The media’s role in establishing a common factual basis has thus increasingly gone by the wayside – and, with it, the strategy of appealing to the median voter.

As the US media embraced increasingly biased, targeted strategies, deep polarisation became all but inevitable. This, together with US politicians’ new incentives to appeal to the ideological extremes, has torn at the fabric of American society, fuelling instability and conflict, hampering leaders’ ability to address urgent challenges, and undermining America’s position of global leadership.

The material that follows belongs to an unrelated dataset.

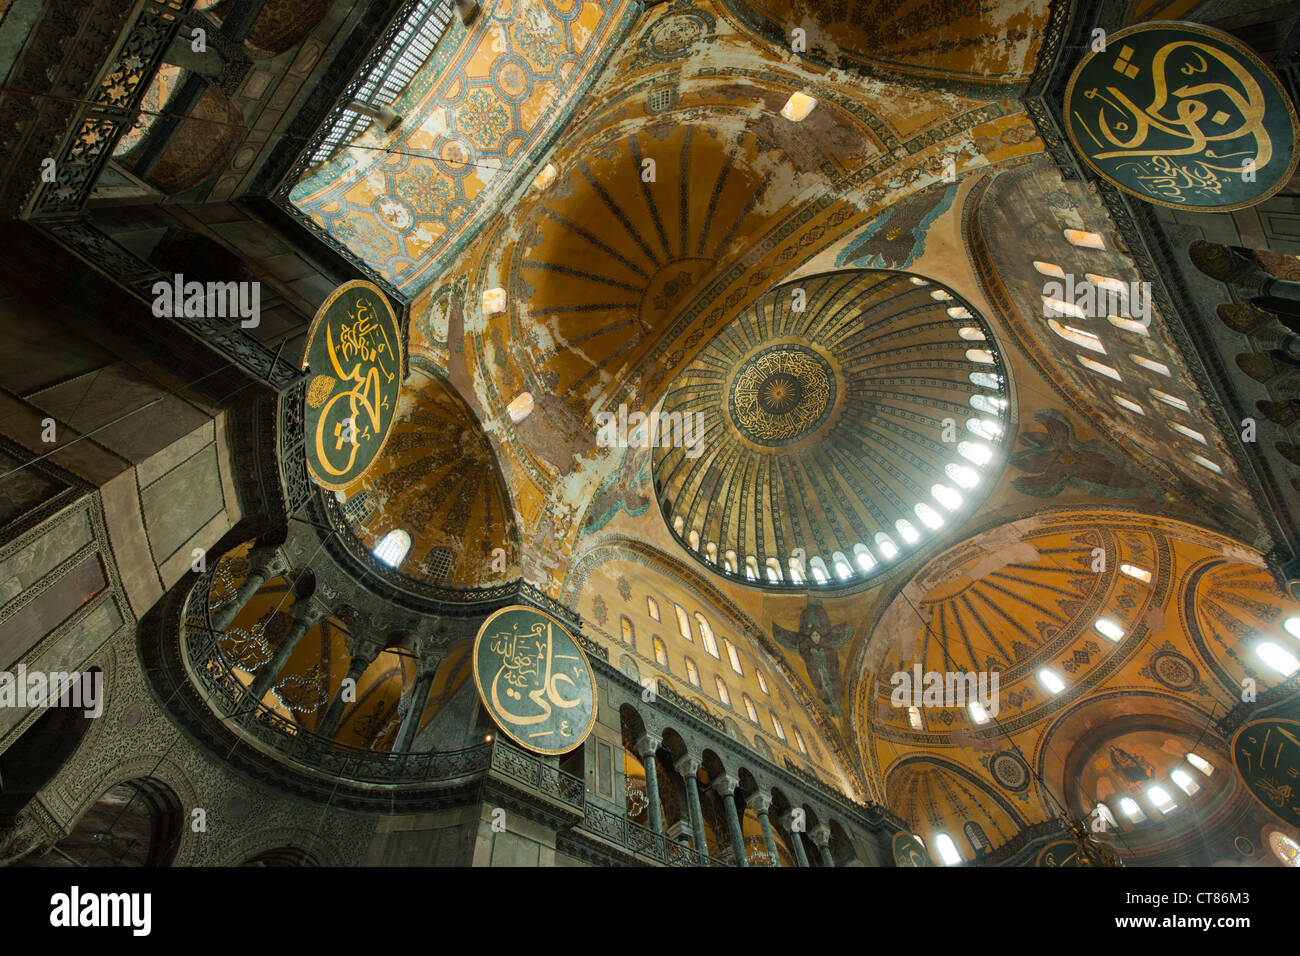 Türkei, Istanbul, Sultanahmet, Hagia Sophia oder Sophienkirche, eine ehemalige Kirche, spätere Moschee und heute ein Museum. Stock Photo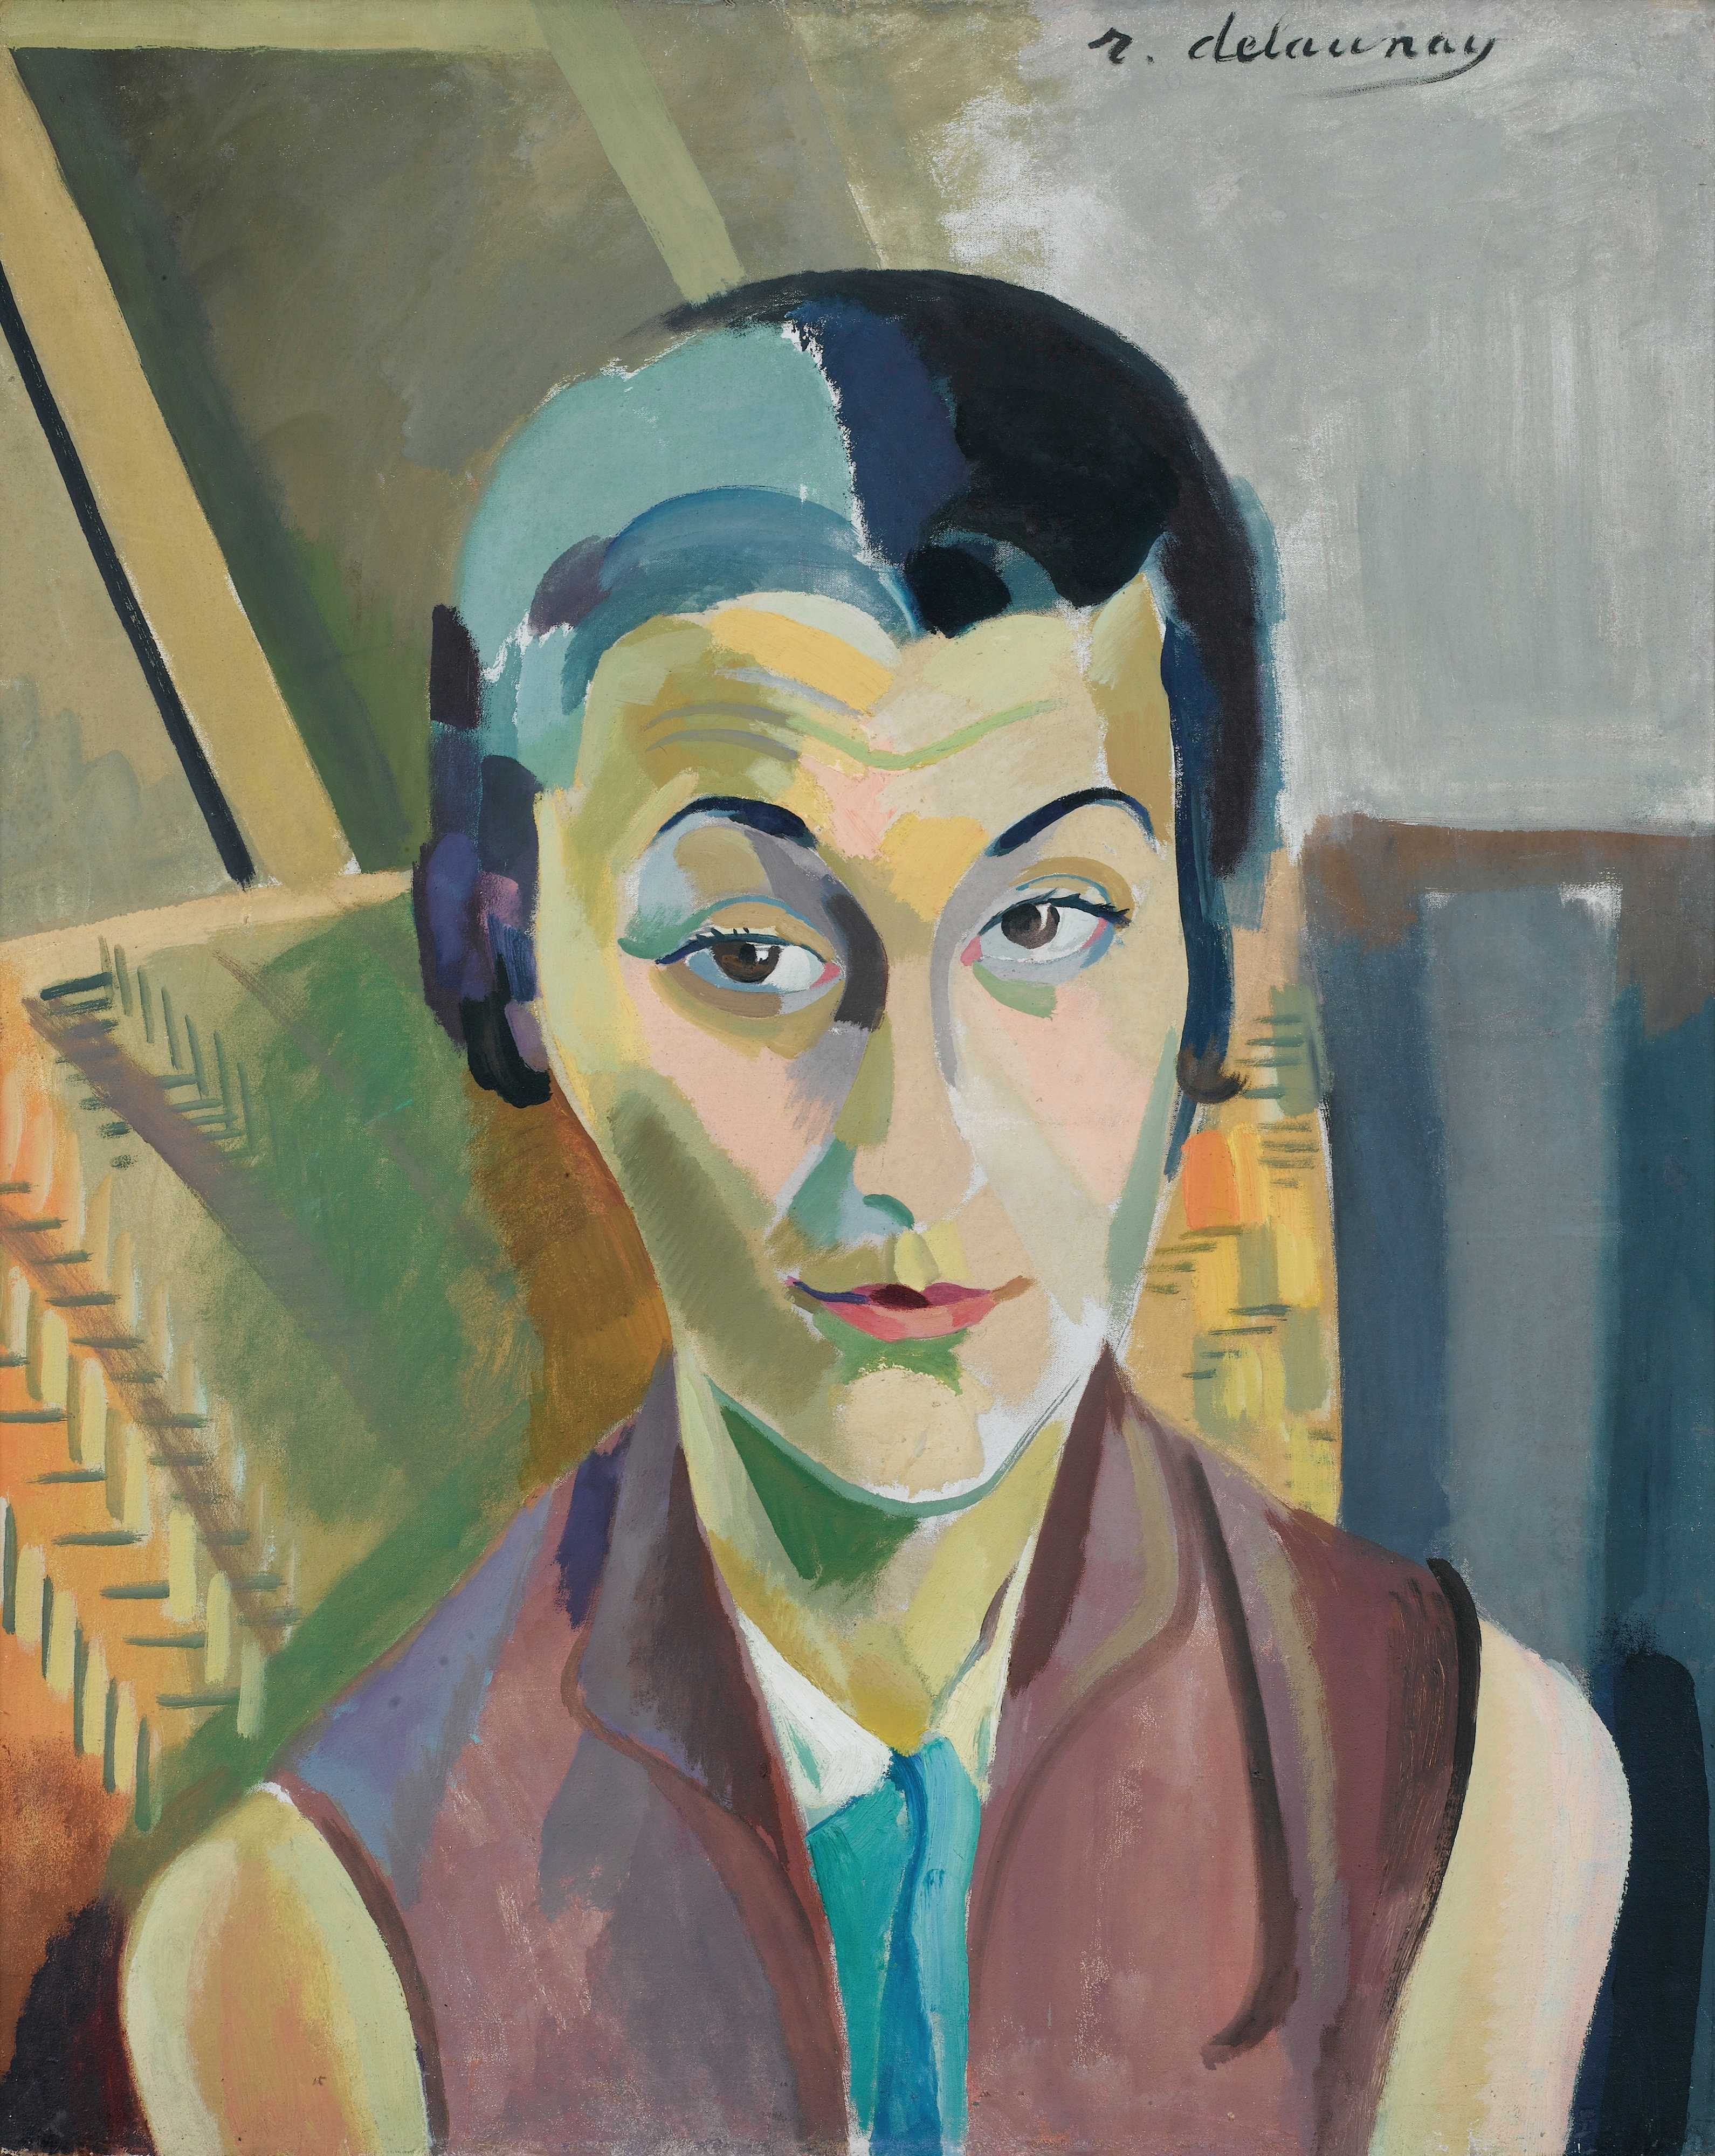 Find out more about Robert Delaunay - Portrait De Maria Lani

China has largely avoided this pitfall of modern technology, though not without cost and criticism, by controlling extreme online speech and limiting populist attacks on mainstream values. But it has not avoided America’s media-fuelled ire. In a matter of just a few years, the US-China relationship has regressed significantly, and the global free trade system has been pushed to the brink of collapse.

As Kissinger made clear, the difficulty of restoring Sino-American relations should not deter leaders from trying. On the contrary, it demands that both sides make “ever more intensive efforts” to work together. For the US, however, that work must begin at home. The real threat to the US is not from rising China, but from its inability to meet the challenges of modern technology.